Vines also modify their environment endlessly. They grow and feed biota in the soil, which repay them with minerals and moisture. They break down rocks with their roots and by secreting chemicals that weather the surrounding geology, creating soil and releasing nutrients (by shifting pH). They help create the atmosphere in which we live and breathe.
It’s also true, as you say, that the vigneron needs to see and hear something on behalf of their vines, although the vine is acutely sensitive and responsive to its environment. To this end, the vine also sees and hears things on our behalf. If we observe carefully, it can then show us what it has experienced. It’s intriguing to consider that vine leaves absorb light in precisely the same spectrum as the human eye. I often wonder if this is a coincidence.
Recently I read a study that showed plants growing actively toward audio recordings of running water (with no water actually present). Even if they do not “hear,” it seems that they may well be able to sense and identify sounds. In the same way, we know that plants respond dynamically to the light. I don’t want to anthropomorphize, yet such examples caution me against being too definitive about what plants can and cannot do. Or about the differences between us. We still have so many gaps in our knowledge.
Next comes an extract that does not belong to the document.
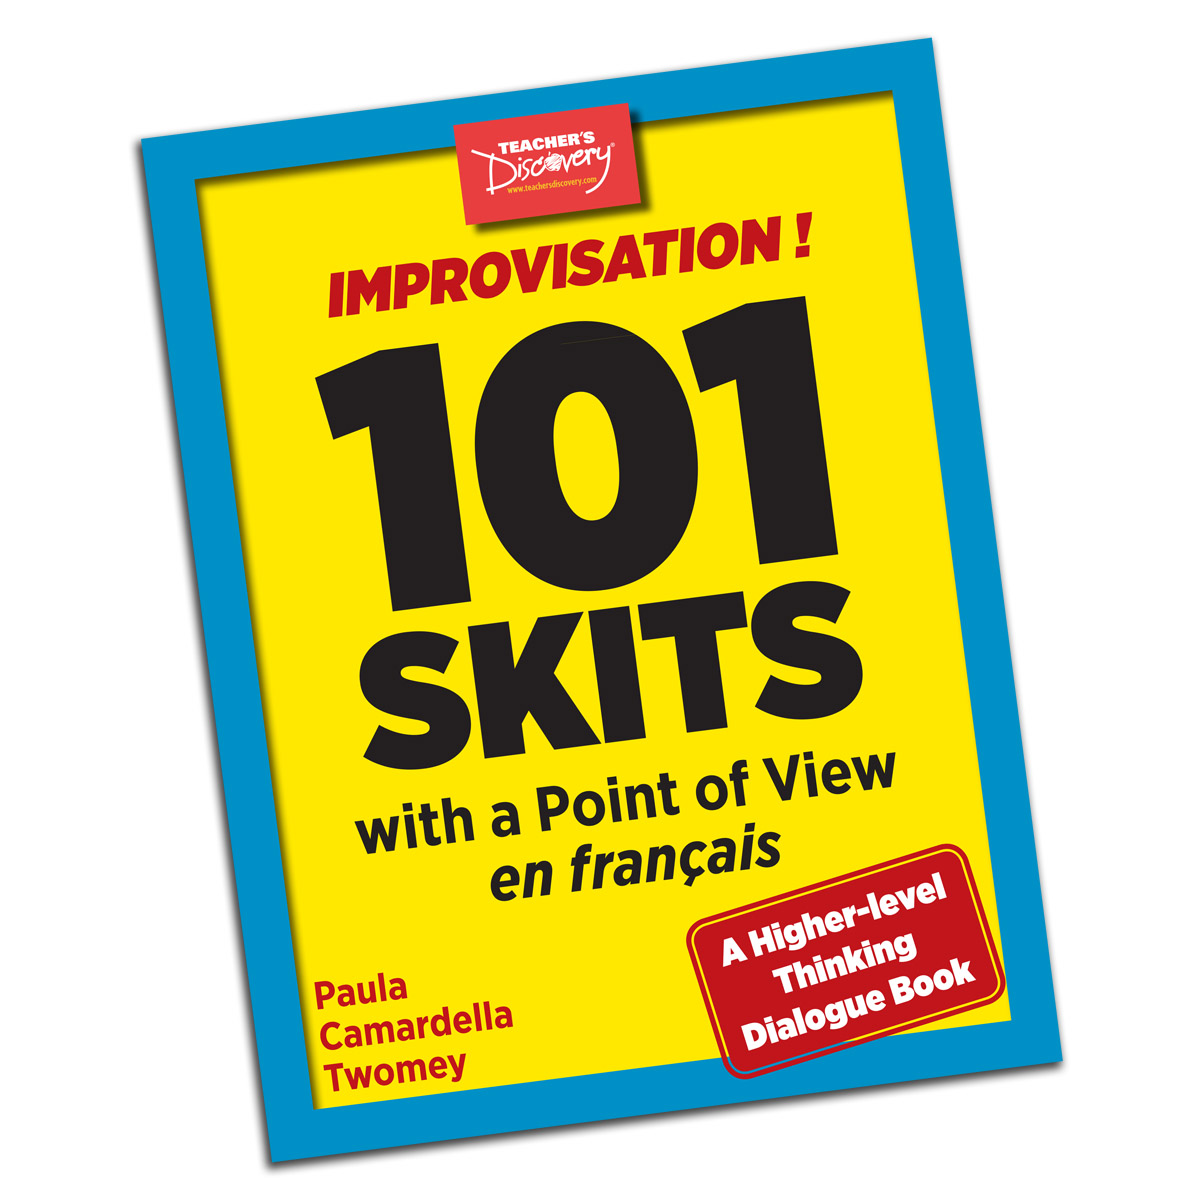 Improvisation ! 101 Skits with a Point of View en français Book

You asked about our project and about our site; about what I saw in our place and what made me want to plant vines here. To my mind, a site, or at least a site worthy of vines, is simply a place that offers the potential to achieve a certain level of quality. It should also be a place where the vine can flourish without too many inputs, and a place that has something interesting to say, a place that might produce a wine with character, with personality.
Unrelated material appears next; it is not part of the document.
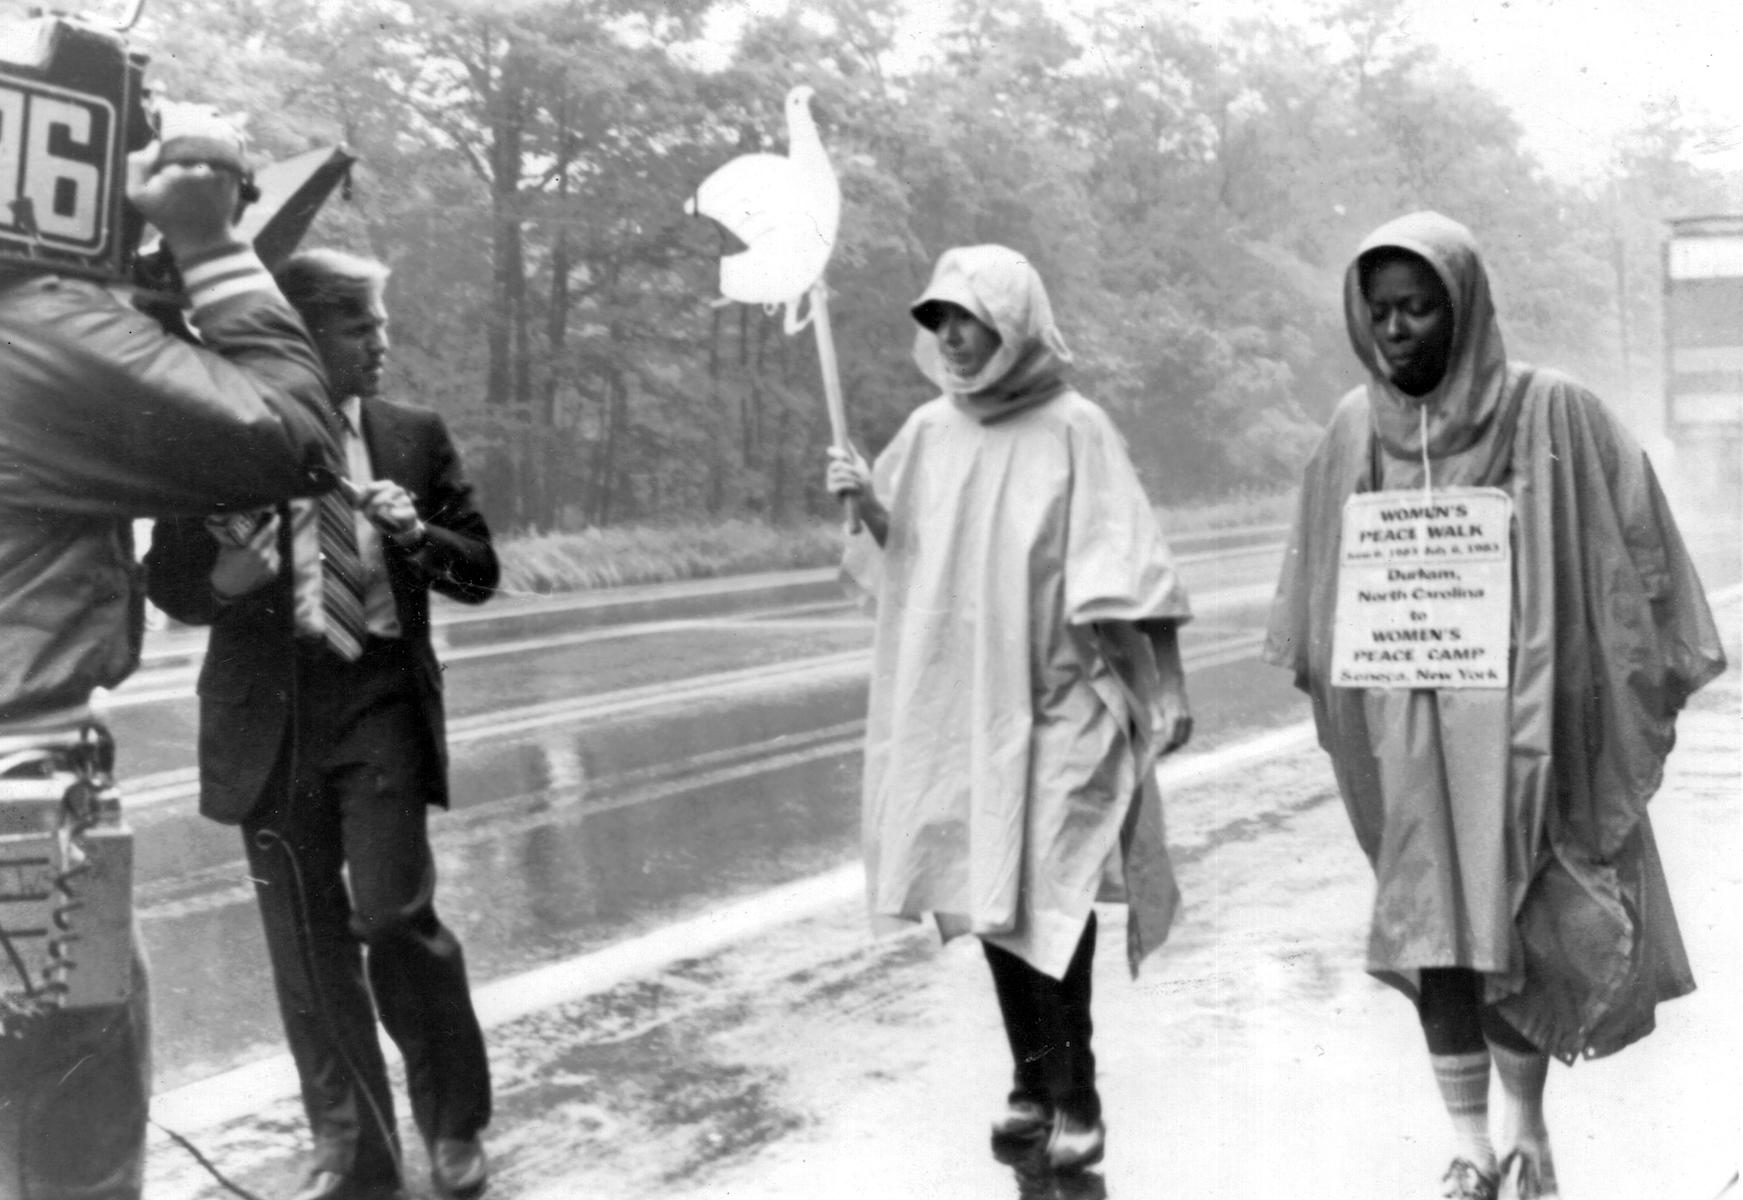 Mandy Carter and Judy Winston on the War Resisters League/Southeast Women’s Peace Walk to the Seneca Women’s Peace Encampment, 1983, Seneca, NY. Photo courtesy of Mandy Carter.

All the usual environmental factors must be considered to this end: climate, good winter and spring rainfall, ideally a soil with reasonable water-holding capacity. This is basic agronomics. Of course, as a student of Burgundy and European wines in general, I believe that soil plays a significant role in the character of the wine that results from any given site, even if we do not fully understand the mechanisms of this process. Our geology at Place of Changing Winds has its own unique make-up and we are only starting to glimpse what this might contribute to the personality of our wines.
There is also an emotional element at play in any choice of site. It is to be hoped that this is balanced by rational considerations, but to attempt to deny the emotional element would be foolish.
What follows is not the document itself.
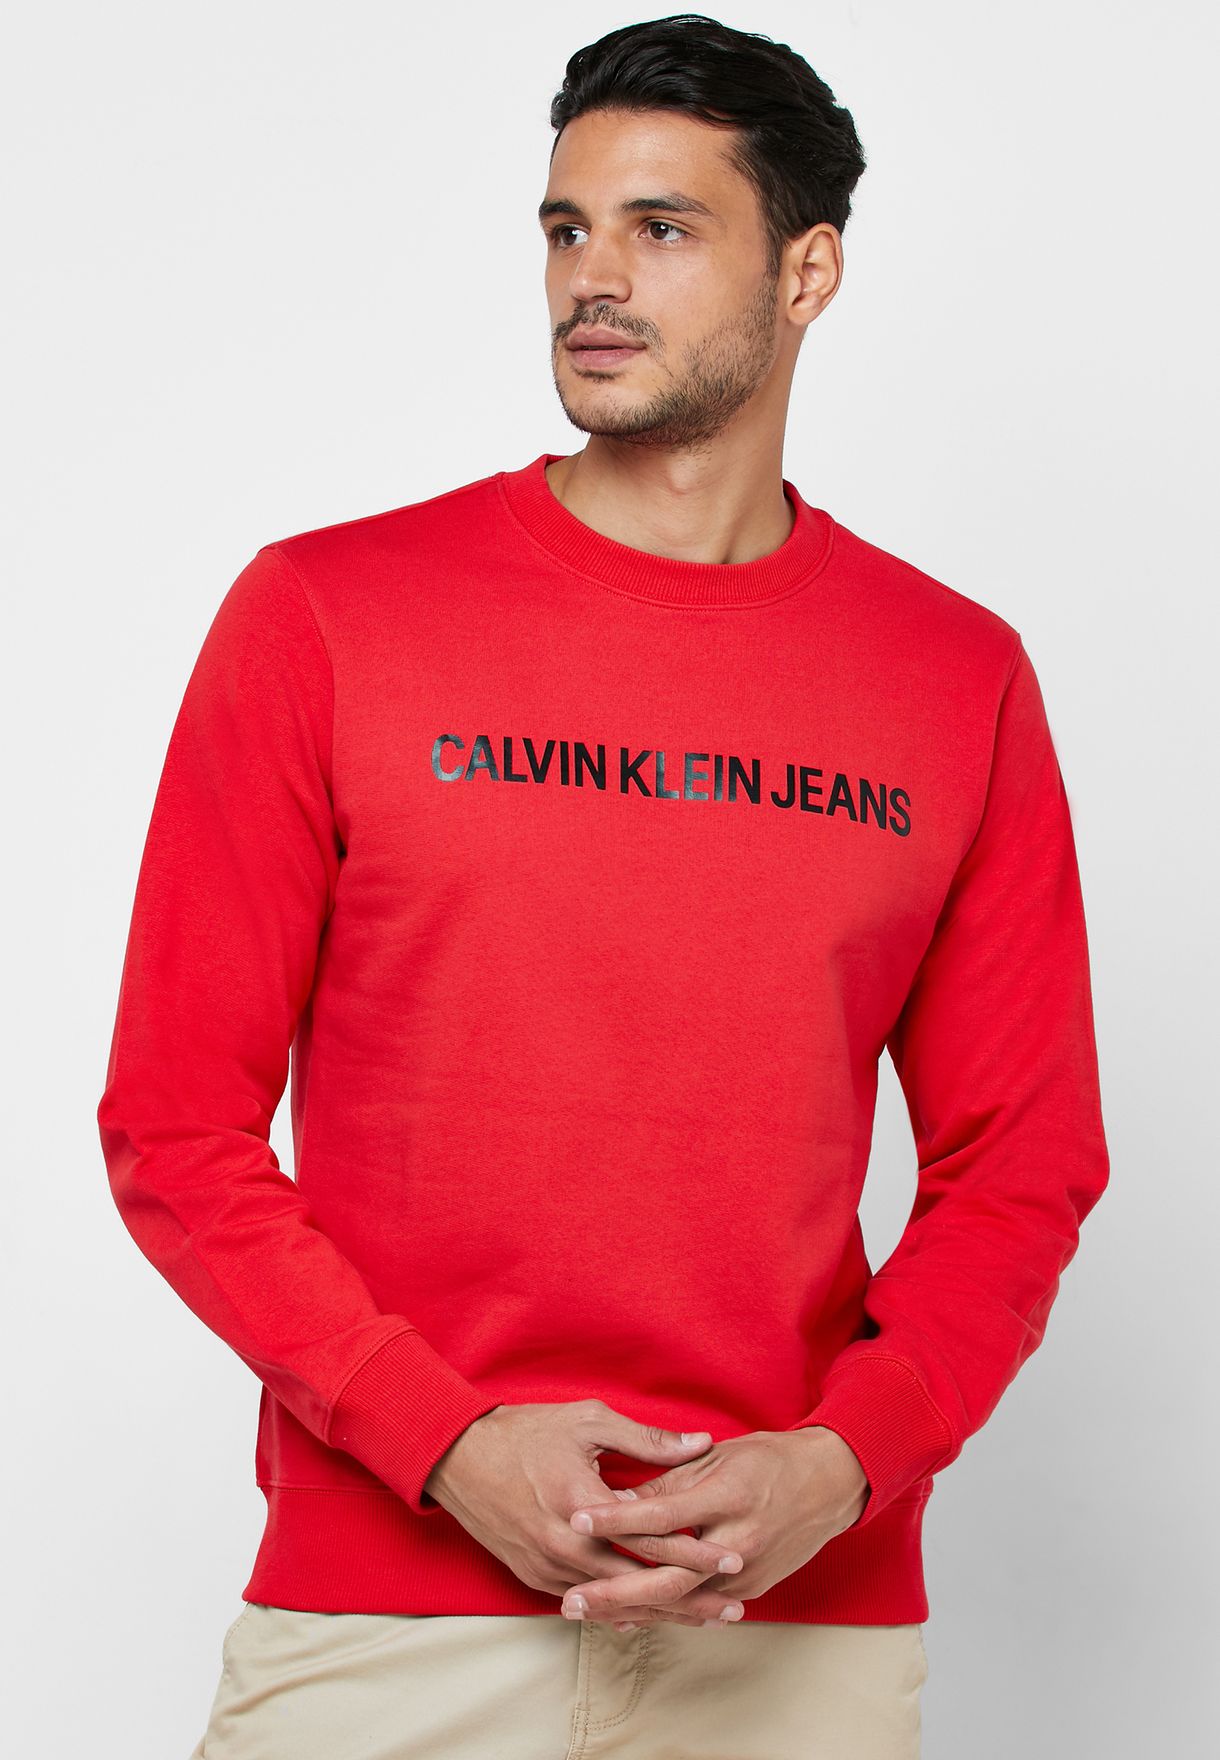 Introducir 70+ imagen calvin klein jeans red sweater

So, what did you see and hear in this place? I saw an opening of land on the edge of a forest, in a picturesque, hilly landscape. In a place that I knew had a climate suited to Pinot Noir and Chardonnay. Place of Changing Winds is situated in the southeast of the country, about an hour’s drive north of Melbourne, Victoria. It sits at around 500 meters [1,640ft] above sea level on the foothills of Mount Macedon. This altitude makes for a cold climate with big diurnal ranges between night and day, something that Pinot Noir and Chardonnay loves.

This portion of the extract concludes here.